Medical systems in general, and patient treatment decisions and outcomes in particular, are affected by bias based on gender and other demographic elements. As language models are increasingly applied to medicine, there is a growing interest in building algorithmic fairness into processes impacting patient care. Much of the work addressing this question has focused on biases encoded in language models -- statistical estimates of the relationships between concepts derived from distant reading of corpora. Building on this work, we investigate how word choices made by healthcare practitioners and language models interact with regards to bias. We identify and remove gendered language from two clinical-note datasets and describe a new debiasing procedure using BERT-based gender classifiers. We show minimal degradation in health condition classification tasks for low- to medium-levels of bias removal via data augmentation. Finally, we compare the bias semantically encoded in the language models with the bias empirically observed in health records. This work outlines an interpretable approach for using data augmentation to identify and reduce the potential for bias in natural language processing pipelines.

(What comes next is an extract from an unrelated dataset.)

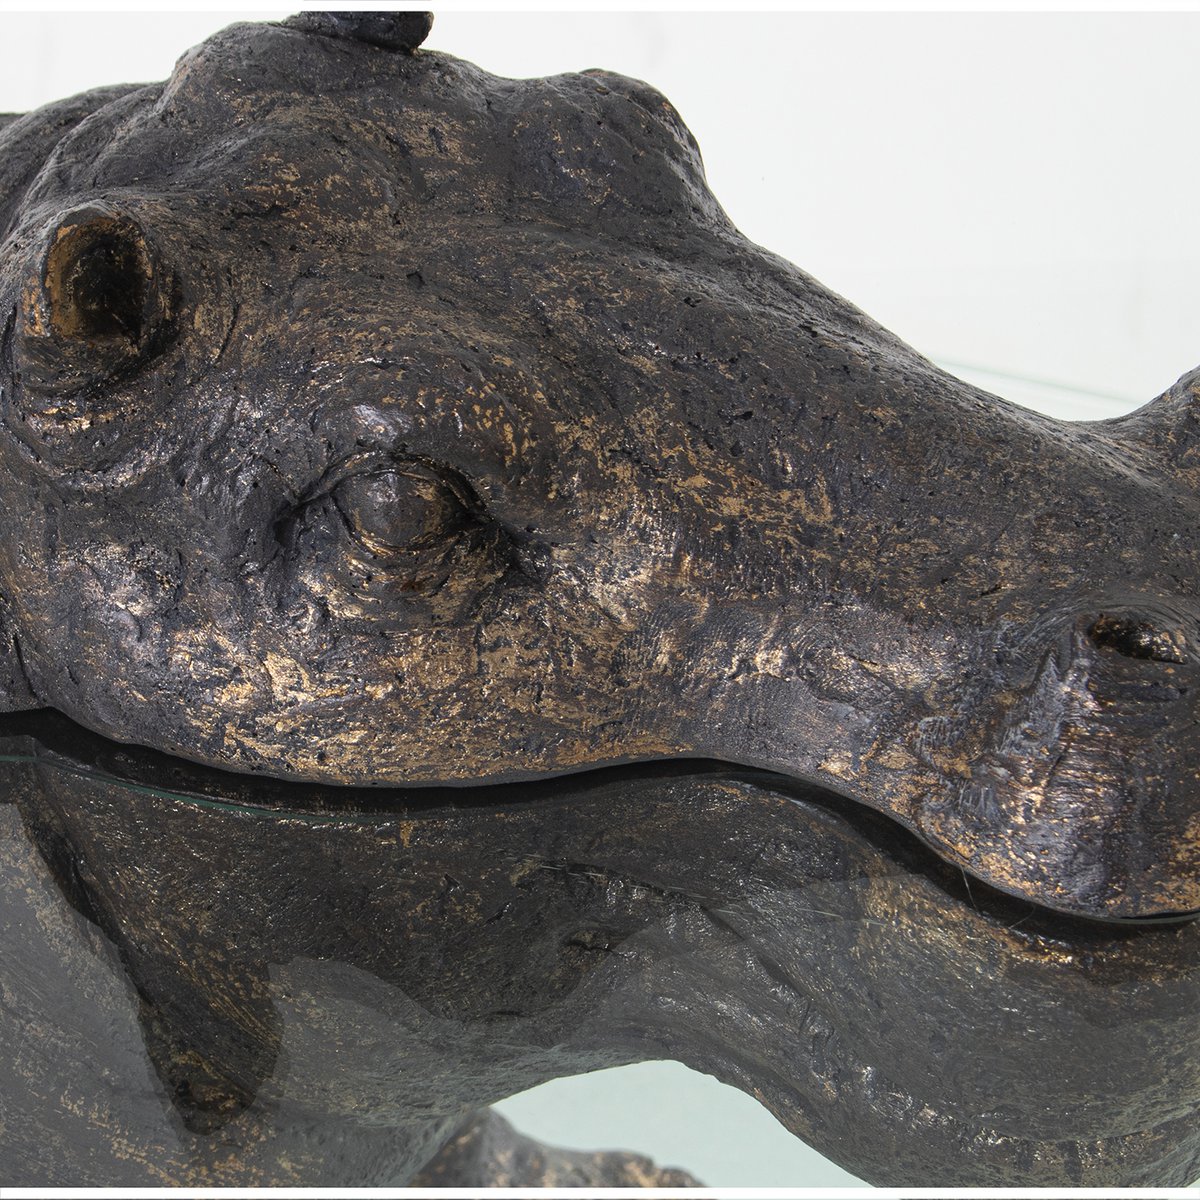 Exklusiver Couchtisch, Hippopotamus, spezieller ''Hippo''-Tisch mit Glasplatte

翻译:总的来说,医疗系统,特别是病人治疗决定和结果受到基于性别和其他人口因素的偏见的影响。随着语言模型越来越多地应用于医学,人们越来越关心将算法公平性纳入影响病人护理的过程。这个问题的许多工作都集中在语言模型中编码的偏见 -- -- 对从远距离阅读Corpora得出的概念之间的关系的统计估计。我们在这项工作的基础上,调查保健从业人员和语言模型所作的字选与偏见的相互作用。我们从两个临床注解数据集中找出并删除了性别语言,并用基于BERT的性别分类器描述一种新的偏向程序。我们显示,通过数据扩增,对中、低程度的偏向消除的健康状况分类任务进行最小的退化。最后,我们将语言模型中的偏向性分类与在健康记录中观察到的偏向性进行了比较。这项工作概述了一种可解释的方法,即利用数据增强来查明和减少自然语言处理管道中偏向的可能性。